The report by Karen Baxter of UK law firm Lewis Silkin confirmed that, on the balance of probabilities:

- some students of Sogyal Lakar (who were part of the ‘inner circle’) have been subjected to serious physical, sexual and emotional abuse by him; and
- there were senior individuals within Rigpa who were aware of at least some of these issues and failed to address them, leaving others at risk.

Karen Baxter in her findings described one of the senior managers interviewed for the report as being "guarded, hostile and inconsistent". Another senior member of the management team was described by the lawyer as involved in "a pro-active cover-up".

The UK Charities Commission has made it very clear in recent years that they will expect organisations with safeguarding problems to launch an investigation, co-operate with the authorities and put right what they can before they are allowed to move on.

Rigpa has acknowledged the gravity of the independent report, and has committed to implementing its recommendations.

==Study and practice==
Rigpa has developed a graduated "study and practice" program that is delivered internationally and which can take several years to complete. It begins with foundation-level courses introducing basic meditation practice, using samatha methods such as resting the mind on an object (such as the breath or a picture of Padmasambhava) and mantra recitation. Then the Mahayana teachings are presented, together with the tonglen practice of giving and receiving. Next, students are taught Vajrayana preliminaries, including "Taking Refuge" and bodhicitta (mind of awakening). Older students are taught sadhana practices focusing on the terma revelations of Sogyal Rinpoche's predecessor, Tertön Sogyal, as well as the practice of Dzogchen meditation.

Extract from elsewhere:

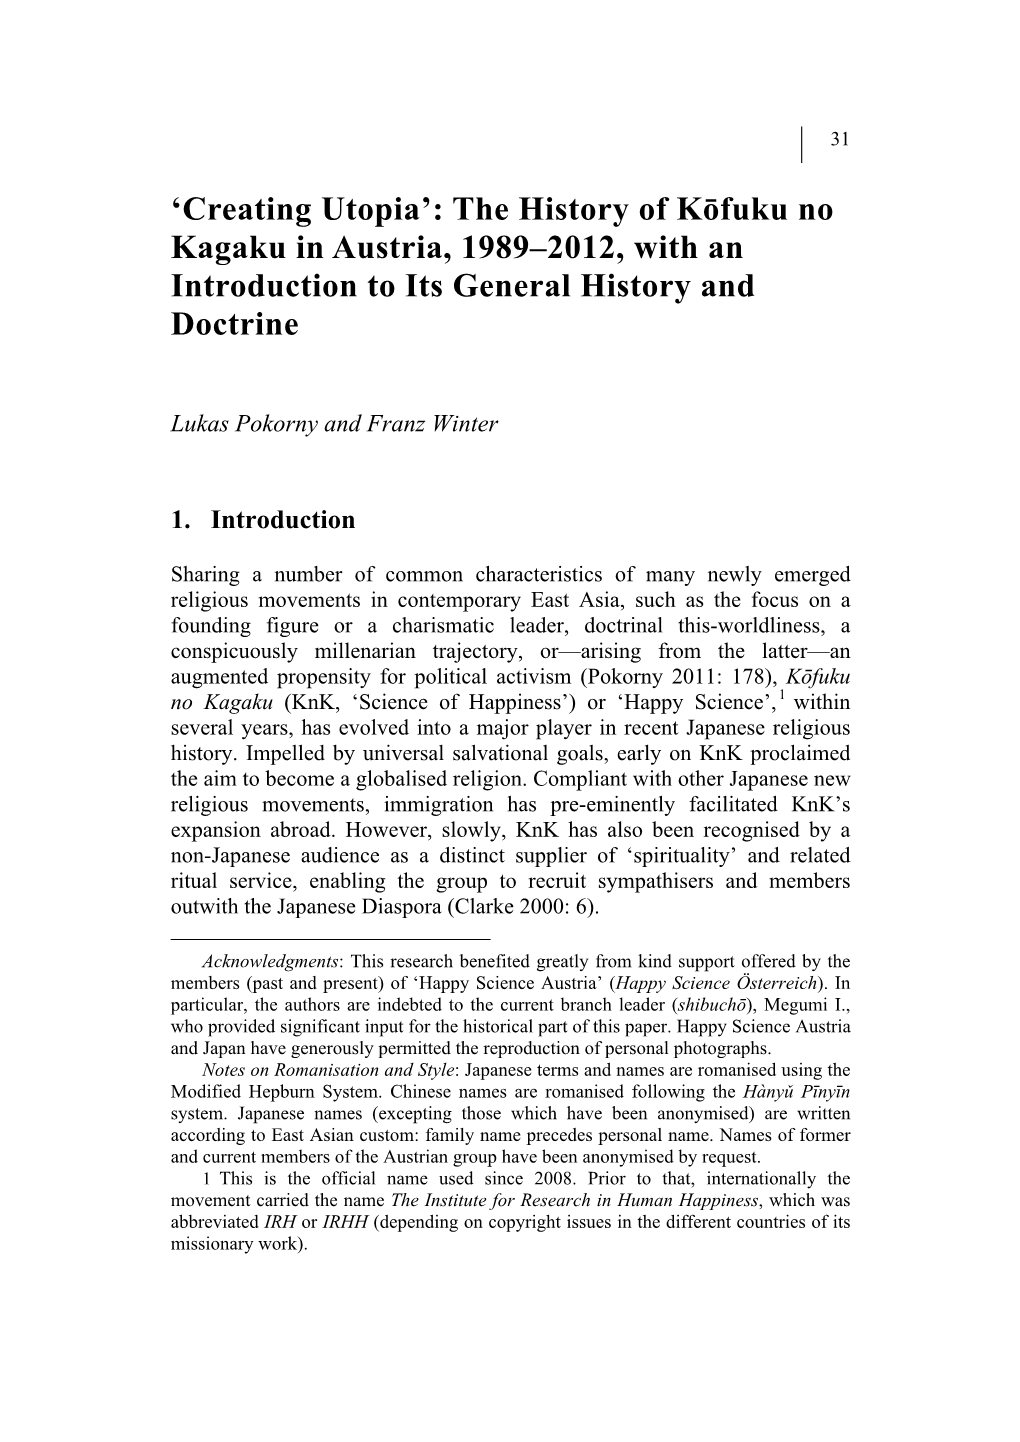 Creating Utopia’: the History of Kōfuku No Kagaku in Austria, 1989–2012, with an Introduction to Its General History and Doctrine

Rigpa also has a program, Rigpé Yeshé, to help members who are parents and wish to educate their children as Buddhists.

===Rigpa Shedra===
The Rigpa Shedra, or study college, was established in 2001 in Lerab Ling. It offers courses based on traditional Buddhist texts taught by lamas such as Dzogchen Rinpoche, Dzigar Kongtrul Rinpoche, Ringu Tulku and Khenpo Pema Sherab. A longer, more intensive version known as Rigpa Shedra East, which is based in Pharping near Kathmandu and is under the guidance of Khenpo Namdrol, began in 2006. This eastern shedra runs for four months a year and the full curriculum takes nine years to complete.

==Publications and translation==
Rigpa is well known in the Tibetan Buddhist community for its Tibetan calendar, which was first published in 1979. Other publications include View: The Rigpa Journal which began in 1994. In 2012 Rigpa's translation group published their translation of a book on lojong, To Dispel the Misery of the World, by the Sakya master Ga Rabjampa, with a foreword by Sogyal Rinpoche's former tutor, Khenpo Appey Rinpoche.